**What you have to do**: Take the material below and extract the lines from the one with "Xi Jinping, Merkel, Rorsted, Löw und co" through the one with "Chula Vista, CA", word for word, without pictures.

**Dataset excerpts**:
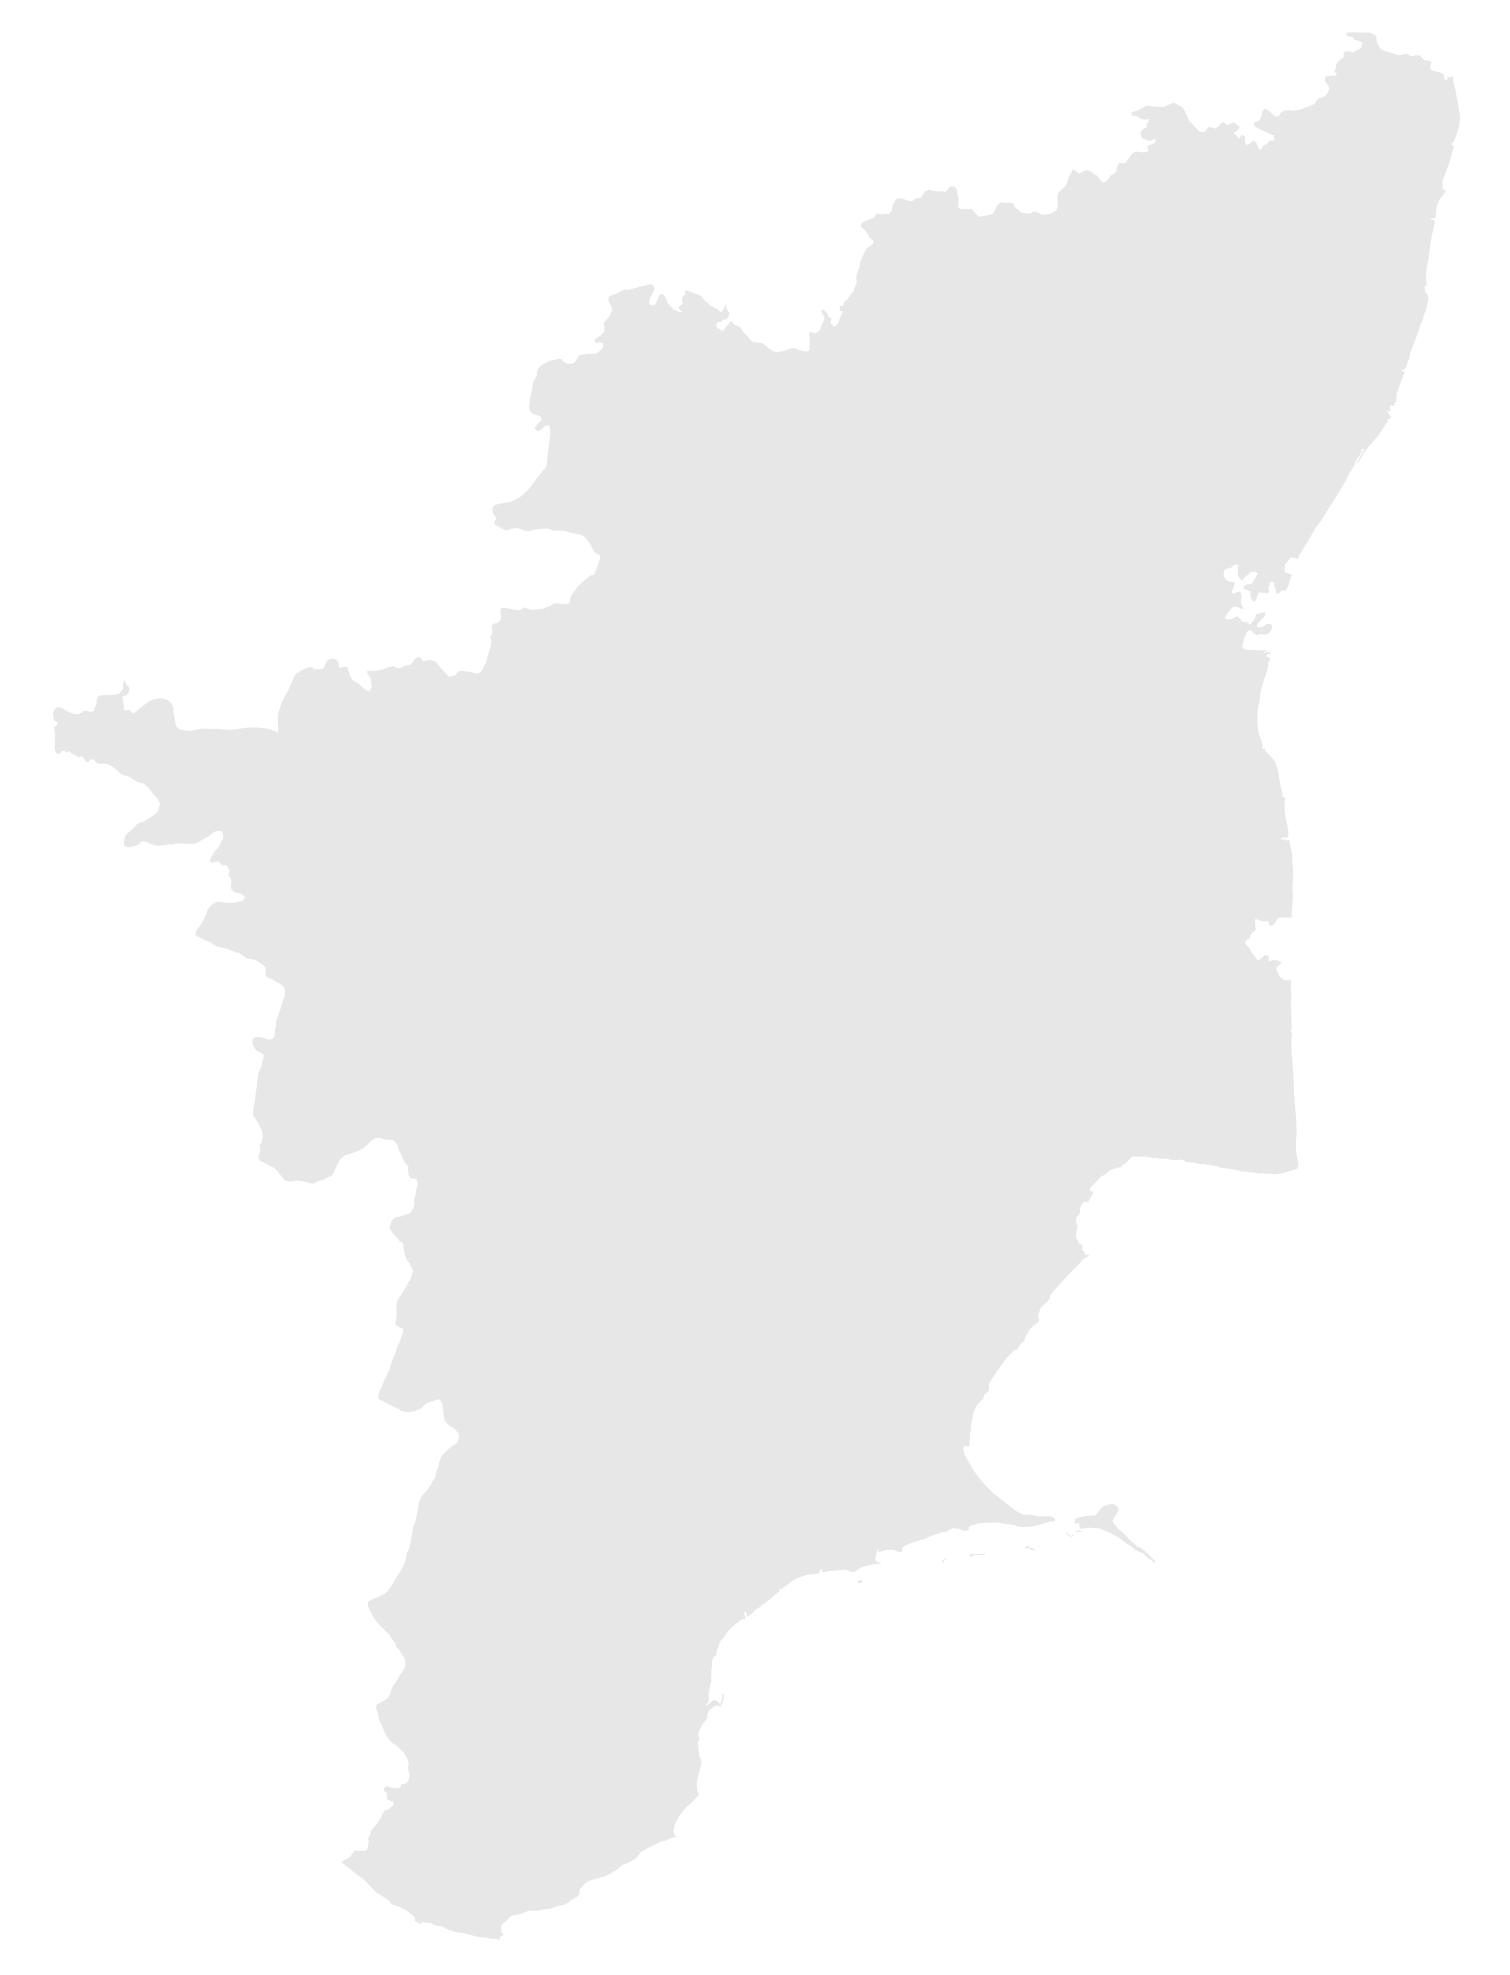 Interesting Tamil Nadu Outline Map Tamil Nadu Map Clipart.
* * *
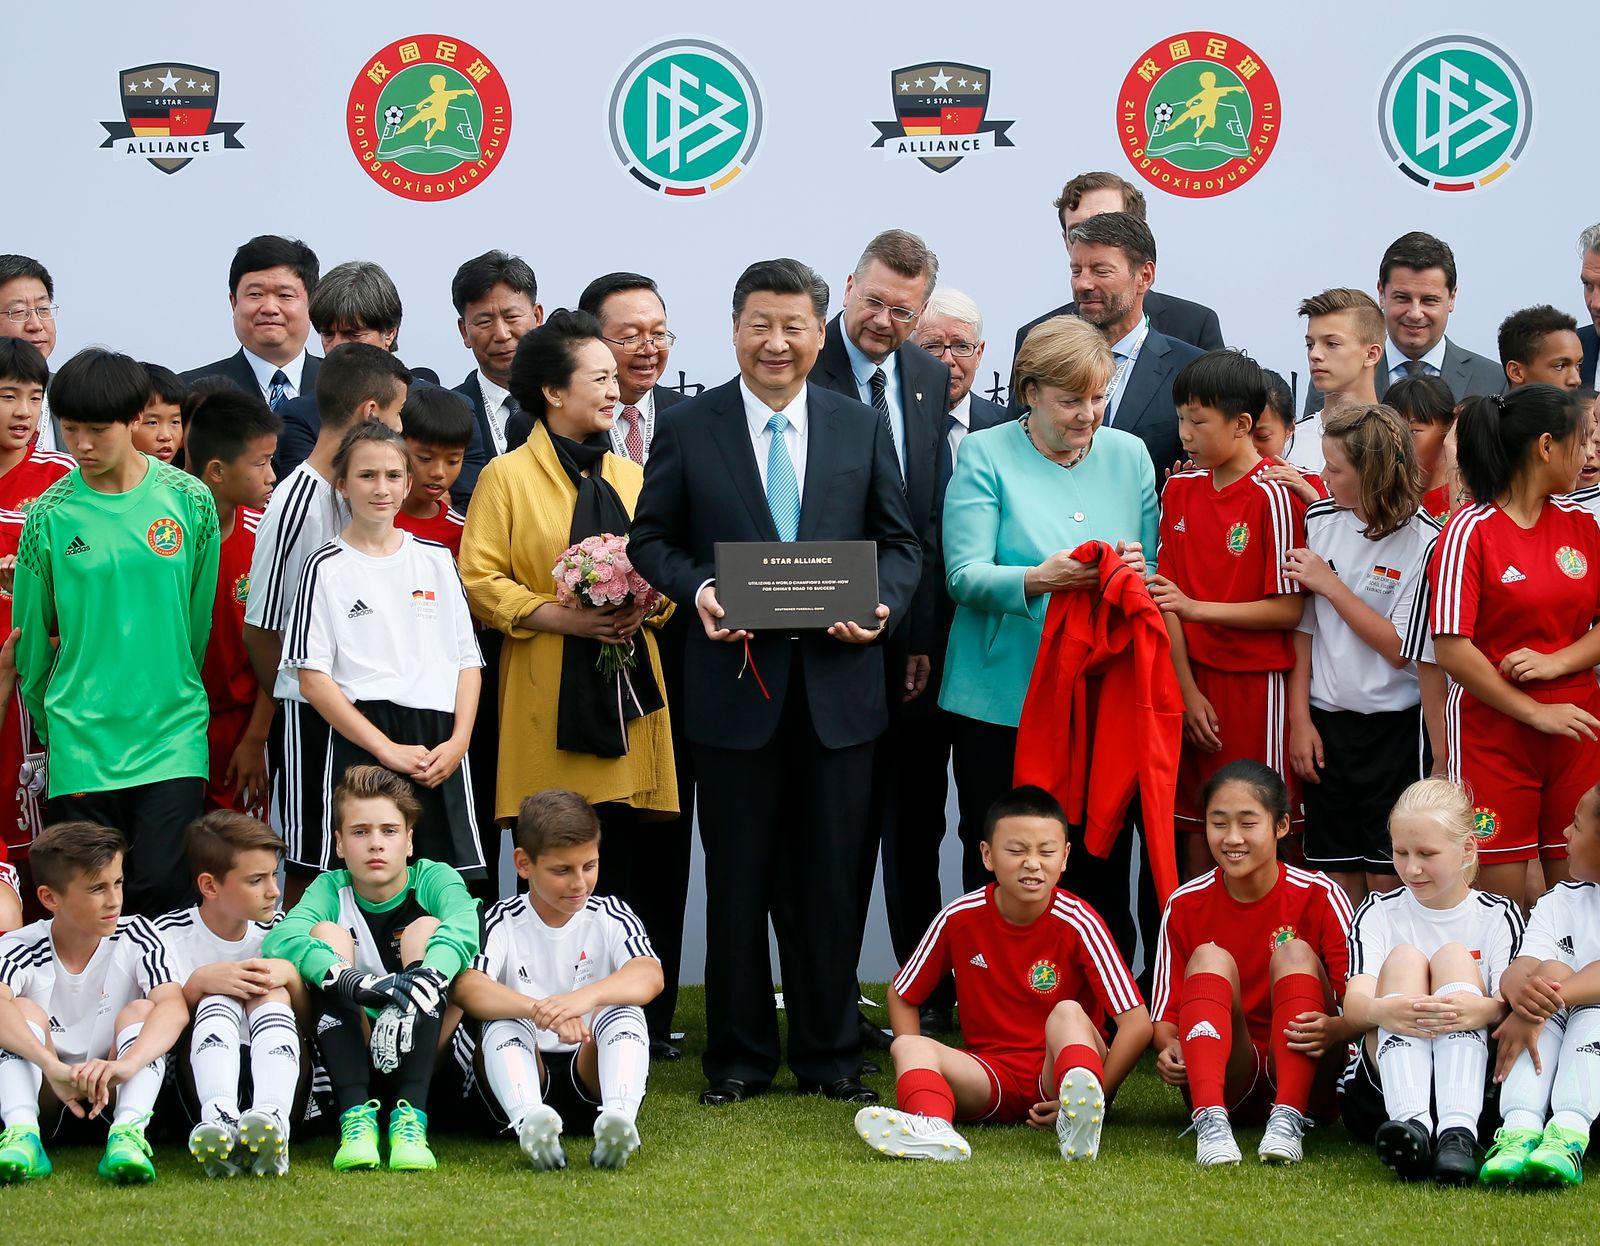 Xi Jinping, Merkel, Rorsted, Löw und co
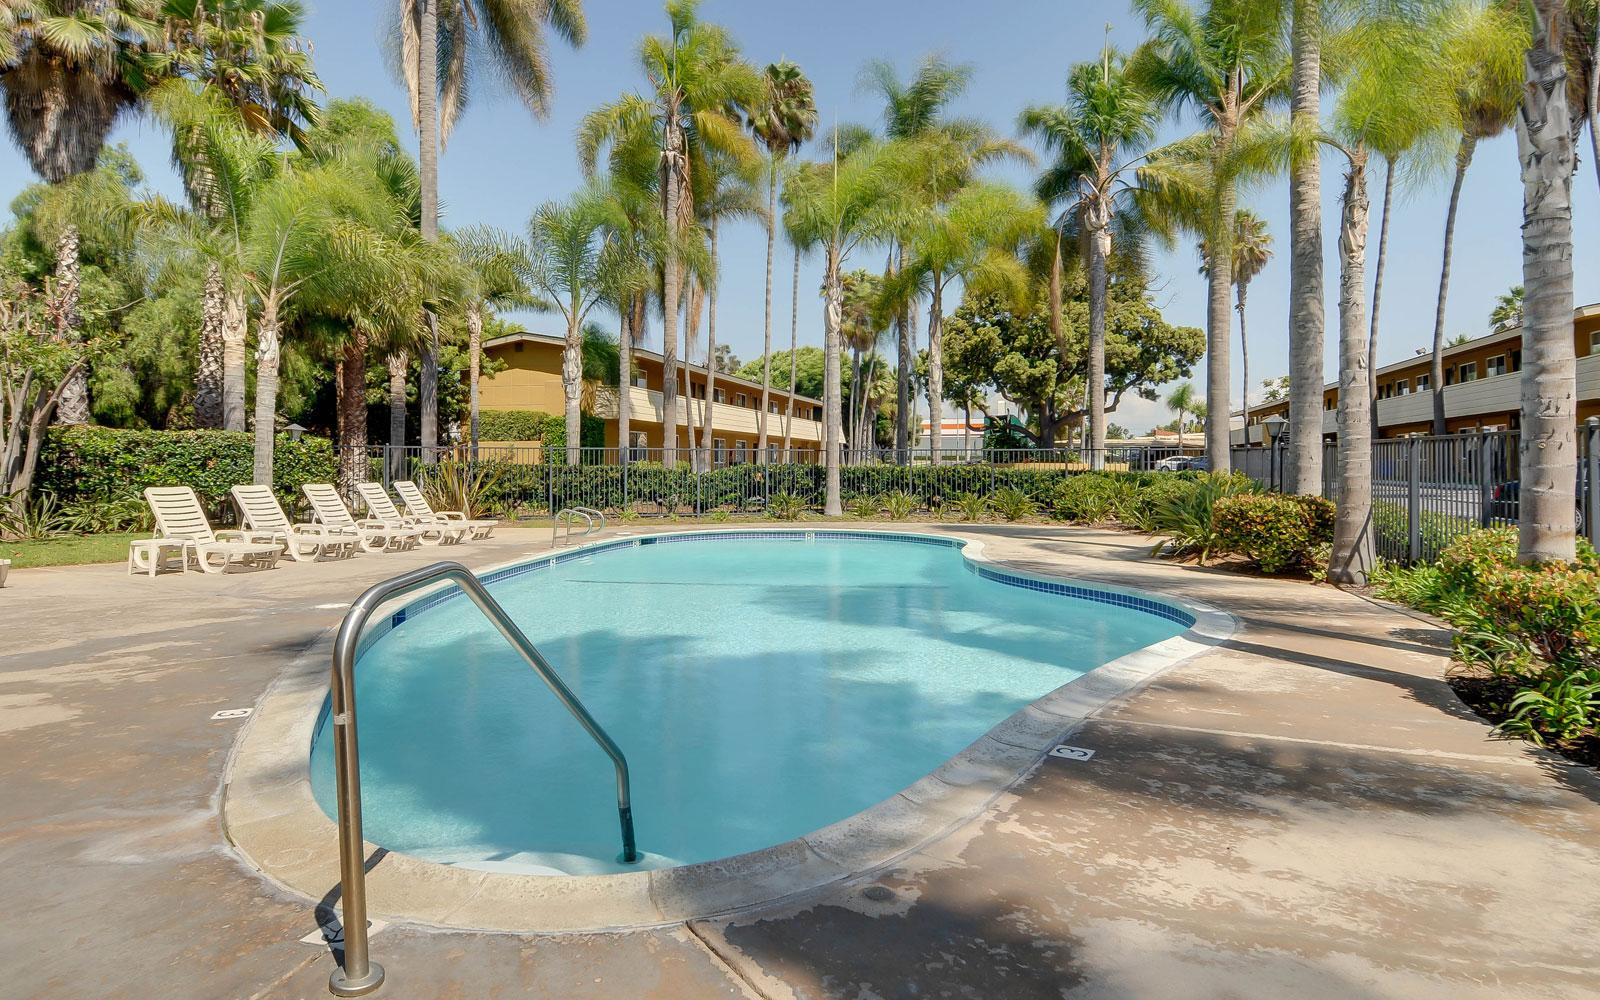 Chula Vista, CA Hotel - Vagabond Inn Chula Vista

**Solution below**:
 Xi Jinping, Merkel, Rorsted, Löw und co
 Chula Vista, CA Hotel - Vagabond Inn Chula Vista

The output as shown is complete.